Krispy Kreme to open 11 stores in central U.S.
Winston-Salem, N.C. – Krispy Kreme has signed development agreements to open 11 Krispy Kreme shops in Arkansas, Montana, Illinois and Kentucky in the next several years. An agreement with Dennis Porter,pPresident of DTL of the Emerald Coast, includes four additional shops to open in Arkansas.
An agreement with Mark Boyd, president of Sweet Treat Holdings, includes a minimum of four shops to open throughout Montana. Finally, the agreement with Rodney Cabaness, president of Hungry Guys LLC, includes three shops to open in Marion, Illinois. and Paducah, Kentucky.
Net loss grows at New York & Co. in Q1, will alter store count
New York – Increases in selling, general and administrative (SG&A) expenses and interest expenses helped increase net loss at New York & Co. to $4.7 million in the first quarter of fiscal 2015 from $300,000 the same period a year earlier. The growing loss occurred as sales improved 2% to $223.4 million from $219.6 million, and same-store sales rose 1.8%.
In the second quarter, New York & Co. open approximately two new outlet Stores, remodel four existing locations, and close three stores, ending the quarter with 503 stores, including 76 outlet stores. The company also intends to build out its corporate headquarters. Other plans for the remainder of the fiscal year include Investments of $3 million to $4 million in information technology and e-commerce.
In addition, New York & Co. continues to work on the final phases of its business process re-engineering project, which it now expects to generate $20 million to $25 million in annualized savings once fully implemented. These savings began during the first quarter of fiscal 2015 and are expected to build throughout the second half of the fiscal year, with the full implementation completed during fiscal 2016. A portion of these savings are expected to be reinvested to fund growth and will be partially offset by the rent increase for the new corporate headquarters.
During fiscal 2015, net sales and same-store sales are expected to increase by a low single-digit percentage.
Gordman’s Stores swings to profit in Q1
Omaha, Neb. – Gordman’s Stores Inc. swung to net income of $400,000 in the first quarter of fiscal 2015 from net loss of $700,000 in the same period the prior year. Improved control of store, corporate and insurance expenses, as well the paydown of a loan, helped push Gordman’s into the black.
Net sales increased 2% to $145.9 million from $143 million. Same-store sales fell 1%. Gordman’s plans to open four additional new stores in 2015, two of which will open in the second quarter. The company also plans to close one store later this year when the lease term expires.

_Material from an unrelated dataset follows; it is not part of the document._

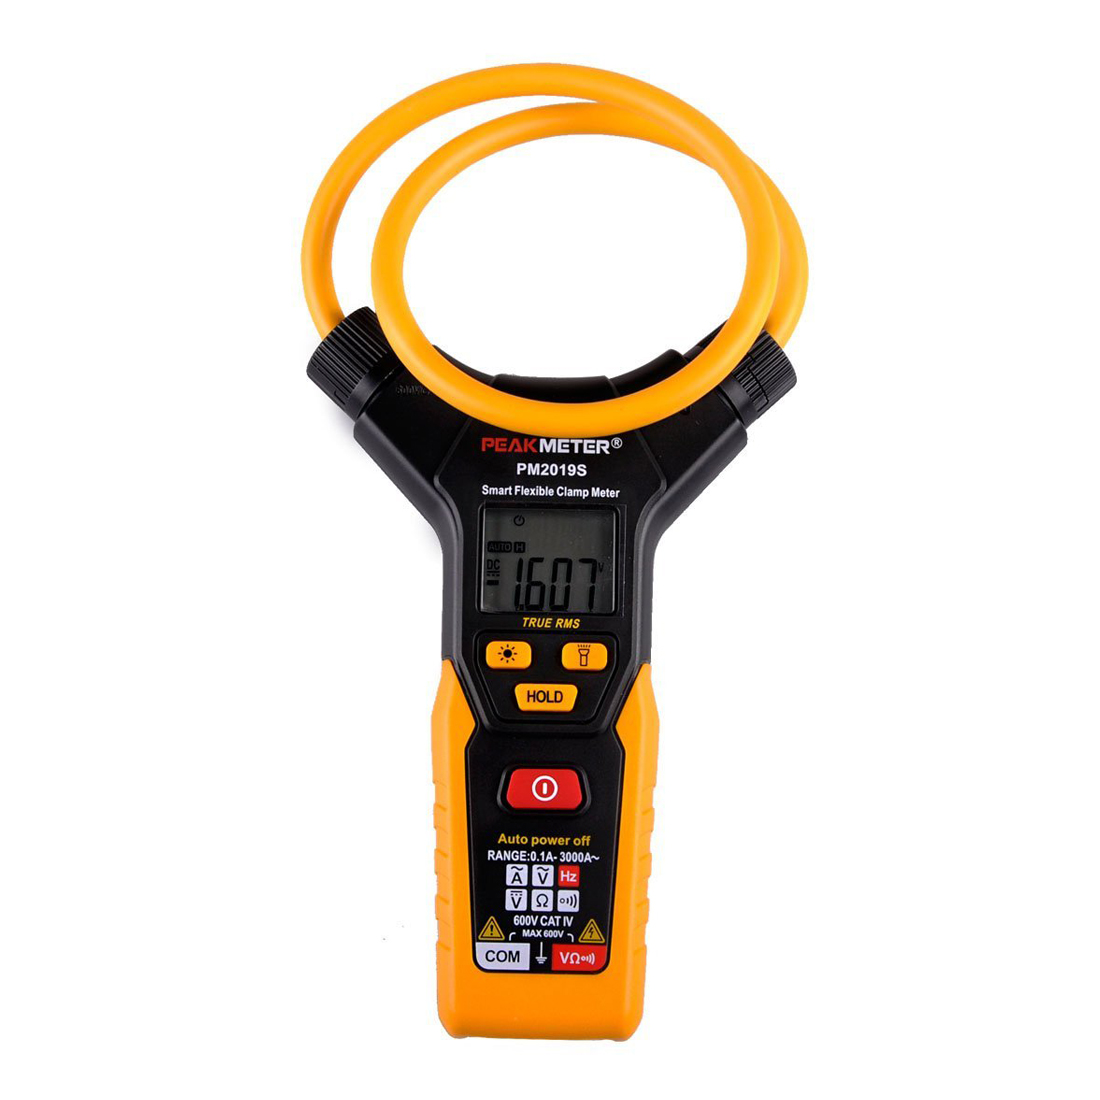 LIXF PEAKMETER PM2019S Digital Flexible Clamp Meter Smart AC DC Multimeter Voltage Tester svodka ot strelkova 19 06 2014 2019 s pometkoj srochno

“We are seeing the guest respond to newness and we are continuing to markdown slower moving goods in season,” said Andy Hall, president and CEO. “We continue to work towards a mid-year launch of our e-commerce platform and expect to rollout our new marketing campaign late in the second quarter. Both of these initiatives are key building blocks for long term results."
For the second quarter of fiscal year 2015, Gordman’s net sales to be between $144 and $147 million, which reflects a flat to low-single digit same-store sales decrease.